=== WORK INSTRUCTIONS ===
Every line below from the one containing "Crescent Solitaire Game" through the one containing "Antique Black Wood" must be transcribed exactly. Omit all lines outside that stretch.

=== PROVIDED INFORMATION ===
•••••

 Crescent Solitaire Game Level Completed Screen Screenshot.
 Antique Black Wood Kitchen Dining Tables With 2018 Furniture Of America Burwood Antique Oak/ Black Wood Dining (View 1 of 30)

•••••

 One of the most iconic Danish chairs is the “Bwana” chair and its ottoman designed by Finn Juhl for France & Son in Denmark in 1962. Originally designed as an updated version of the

•••••

=== ANSWER SPACE ===
 Crescent Solitaire Game Level Completed Screen Screenshot.
 Antique Black Wood Kitchen Dining Tables With 2018 Furniture Of America Burwood Antique Oak/ Black Wood Dining (View 1 of 30)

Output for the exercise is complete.